*WORK REQUIRED:* Only the lines from the one containing "Leading Edge 60001" to the end of the listing below should be returned, exactly as written and without pictures.

======== DATA EXTRACT ========

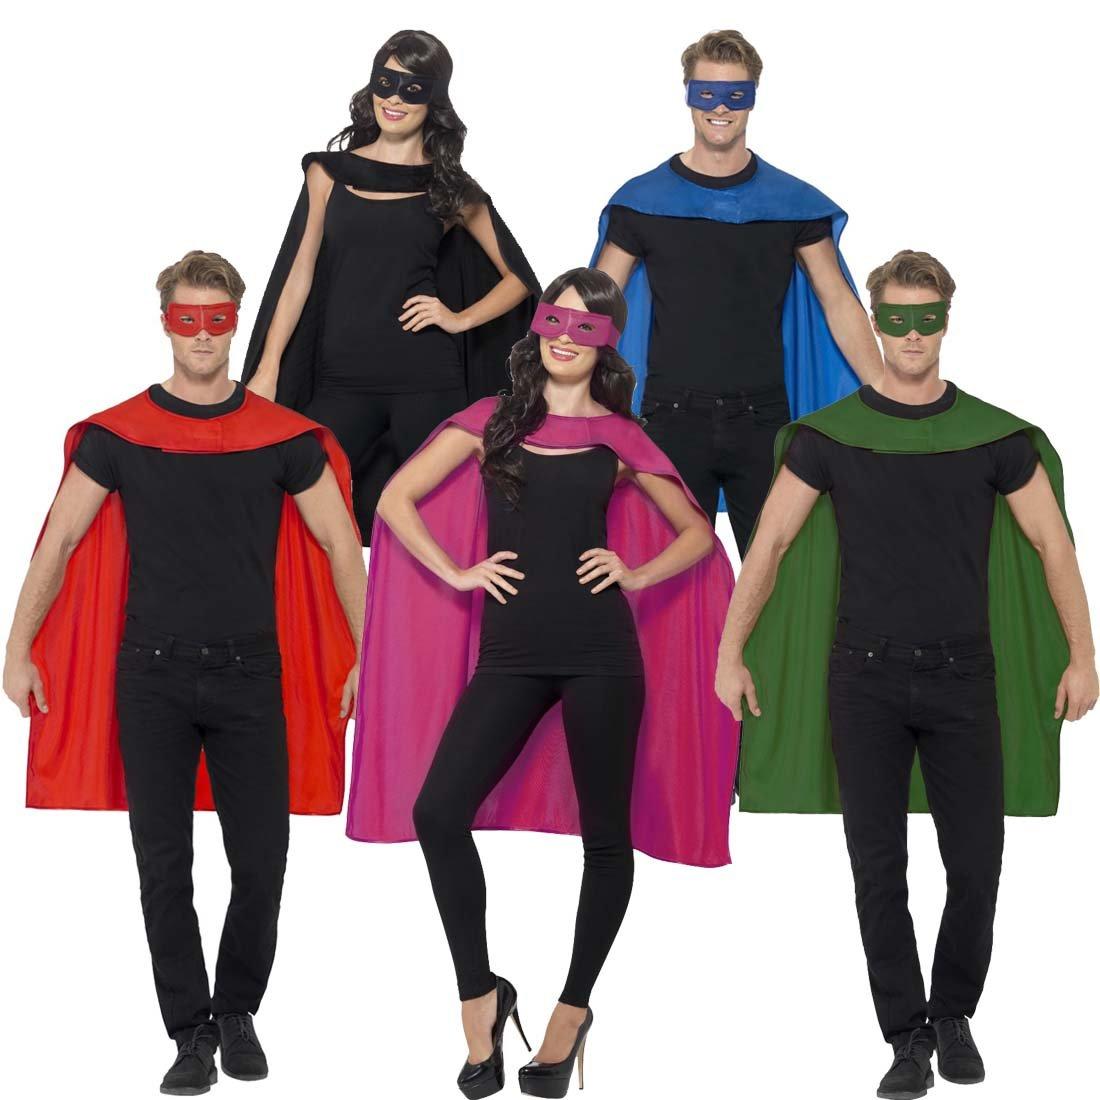 superheldenumhang maske superheld kostum blau superman umhang und augenmaske helden kostum erwachsene superhero karnevalskostum superhelden cape outfit
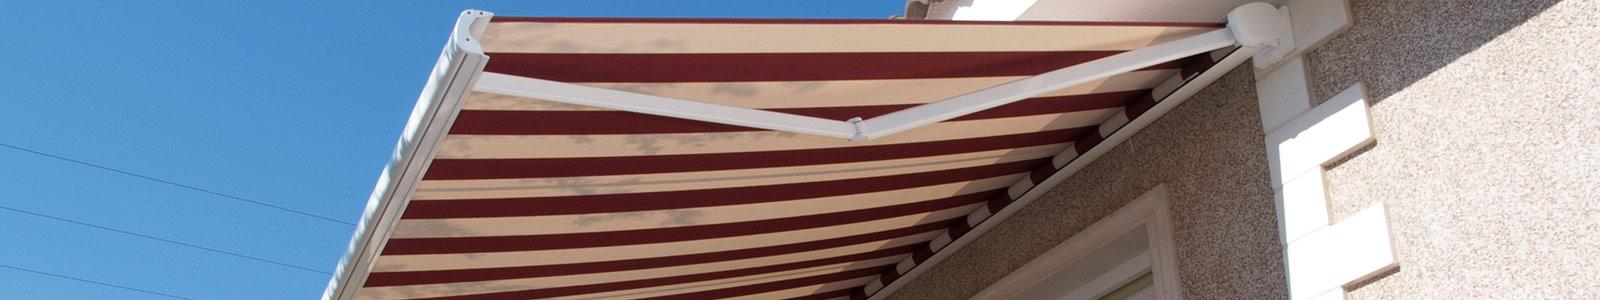 Fabricacion e instalacion de toldos en majadahonda madrid - Toldos en majadahonda ...
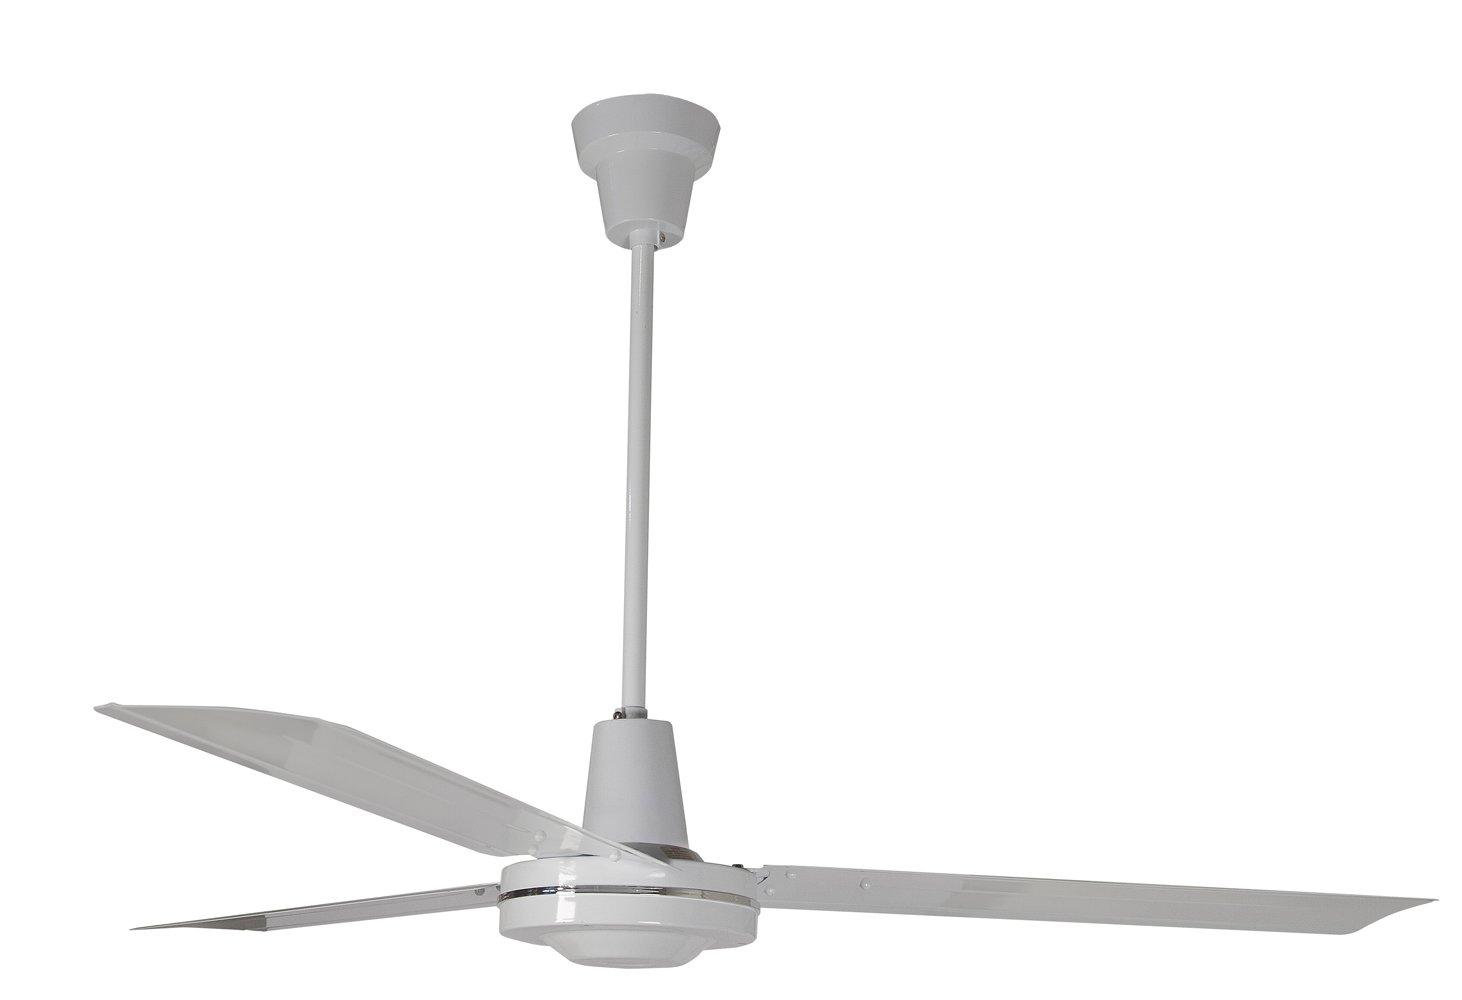 Leading Edge 60001 60-Inch Heavy Duty High Performance Ceiling Fan, 46000 CFM, White
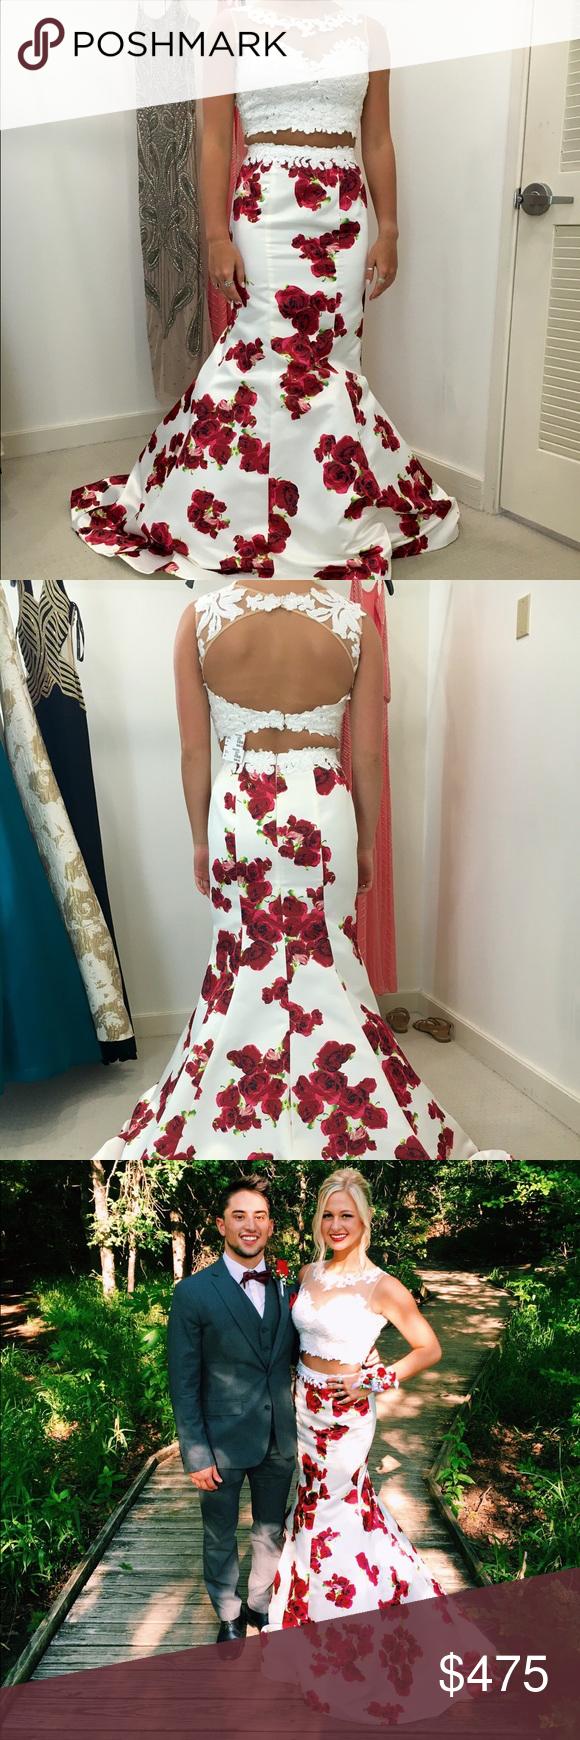 Jovani prom dress size

========

*SOLUTION FOR THIS EXERCISE:*
 Leading Edge 60001 60-Inch Heavy Duty High Performance Ceiling Fan, 46000 CFM, White
 Jovani prom dress size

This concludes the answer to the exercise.